Constellation is a 3D music sequencer project i have been involved with for several years on and off in the Unity game engine. It is a unique music application/experience based upon the idea of being able to rotate a musical idea along a 3D while viewing it on 2D screen. The name of the app is based on the phenomenon that any given arrangement of stars in a constellation is not actually equidistant from the viewer. Instead stars are at different levels of distance from the viewer. Thus rotation of the constellation from a center point would result in vastly different patterns than what was originally perceived.
Probably one of my most ambitious projects, this tangible interface was the first step in trying to create a portable prepared piano of sorts. It utilized a custom interface featuring piezoresistive fabric ribbons on a conductive copper base, using objects that had Reactivision fiducial symbols that would be recognized by Reactivision via an overhead webcam and turned into data that would control instrument switching in MaxMSP using a fluidsynth object playing samples of prepared piano. Sensor data for the ribbons (onset and resistance value) were sent to Max via a SlipOSC code installed on a Teensy microcontroller. Additionally extra controls over the sound were possible by adding a Korg Nanokontrol. The included clip is a demo video, briefly explaining the setup. A short performance clip is available here:
Many thanks to Adrian Freed of CNMAT for invaluable assistance with materials and use of the Teensy!
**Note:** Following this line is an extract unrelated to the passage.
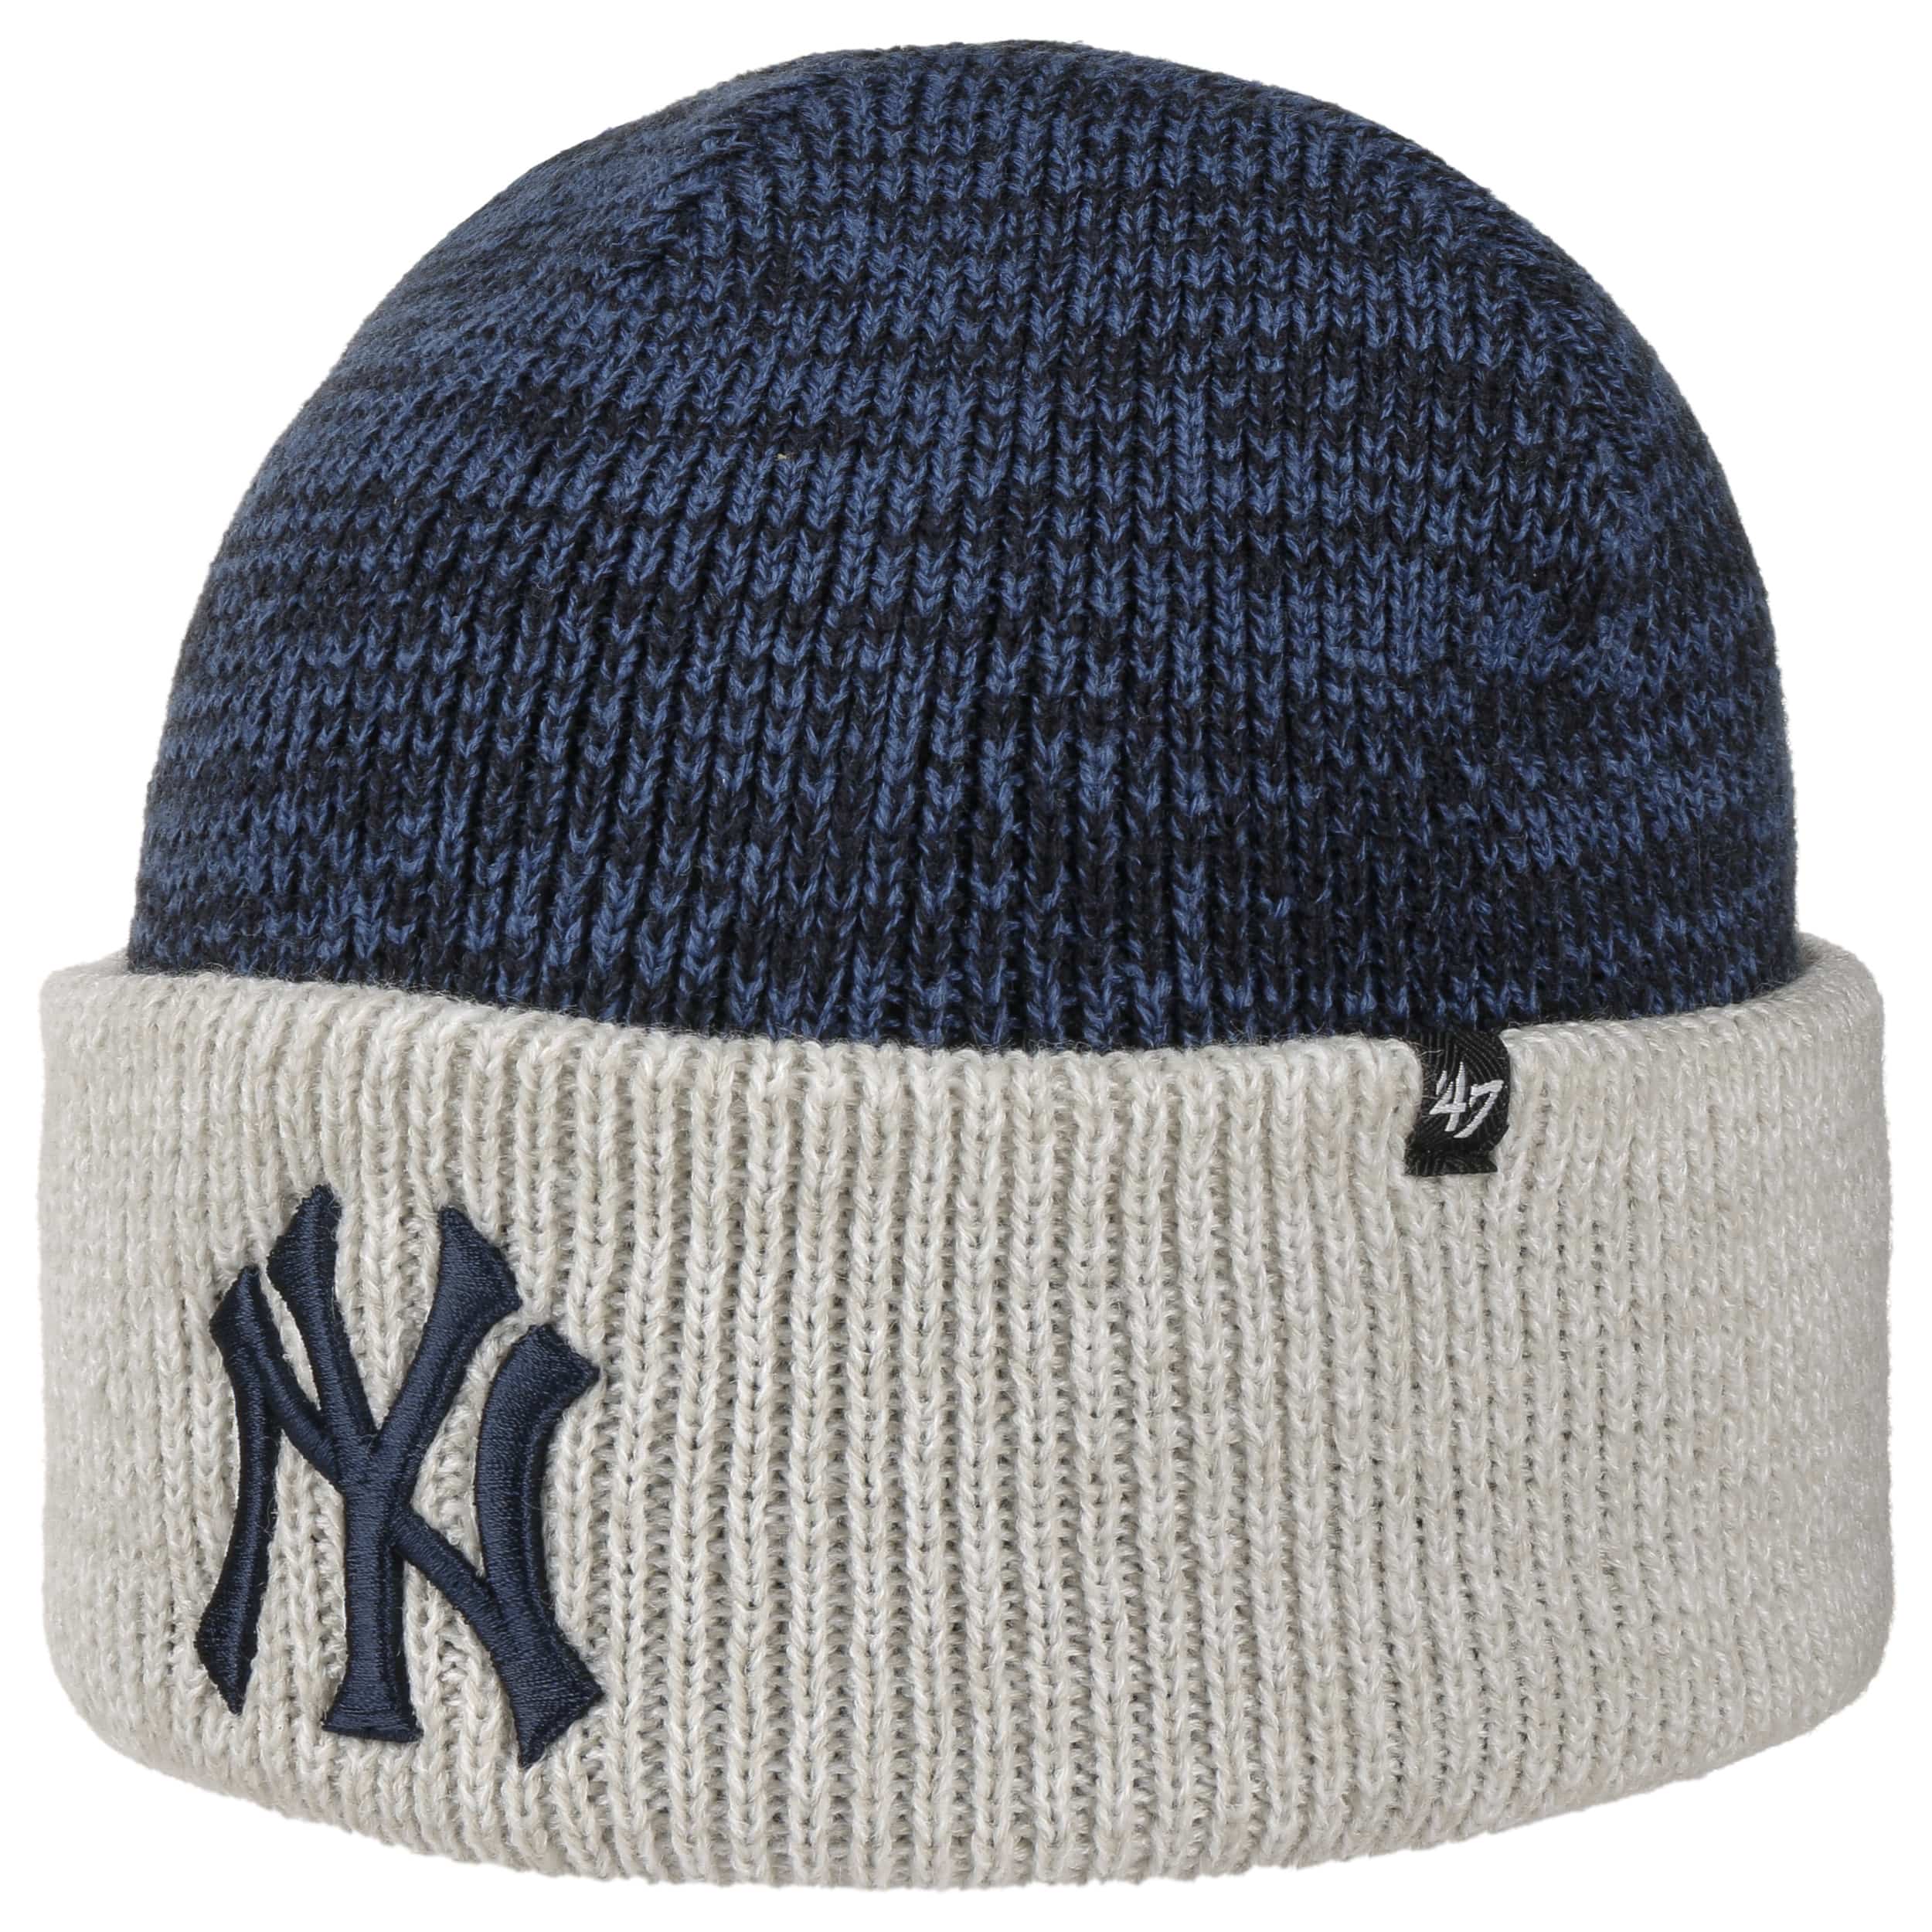 MLB Yankees Base Runner Beanie Hat by 47 Brand  2695

This is the second stage of my obsession with a portable piano of sorts. After abandoning the fabric controllers which were not stable, I opted instead for real strings. Several designs were considered and discarded when I discovered the Harpejji, a variation of an earlier custom instrument called the Starr Board. This is a tapping instrument where both hands face the same direction rather than a Chapman Stick where the hands face in opposite directions. As a Harpejji was out of my price range, I enlisted the help of a tapping instrument maker (Kevin Siebold of Krappy Guitars) to make the body, bridge and strings to my specs, and a young engineer to design the active pickup system ( a dual octal buffer, for 16 strings). I then found a set of piezo saddles which i adapted and wired up to the buffer circuit boards, and the Hypertap was born.
Future versions of this will exploit the individual string output available to do A/D conversion (onset,pitch detection) to potentially controll other kinds of processing.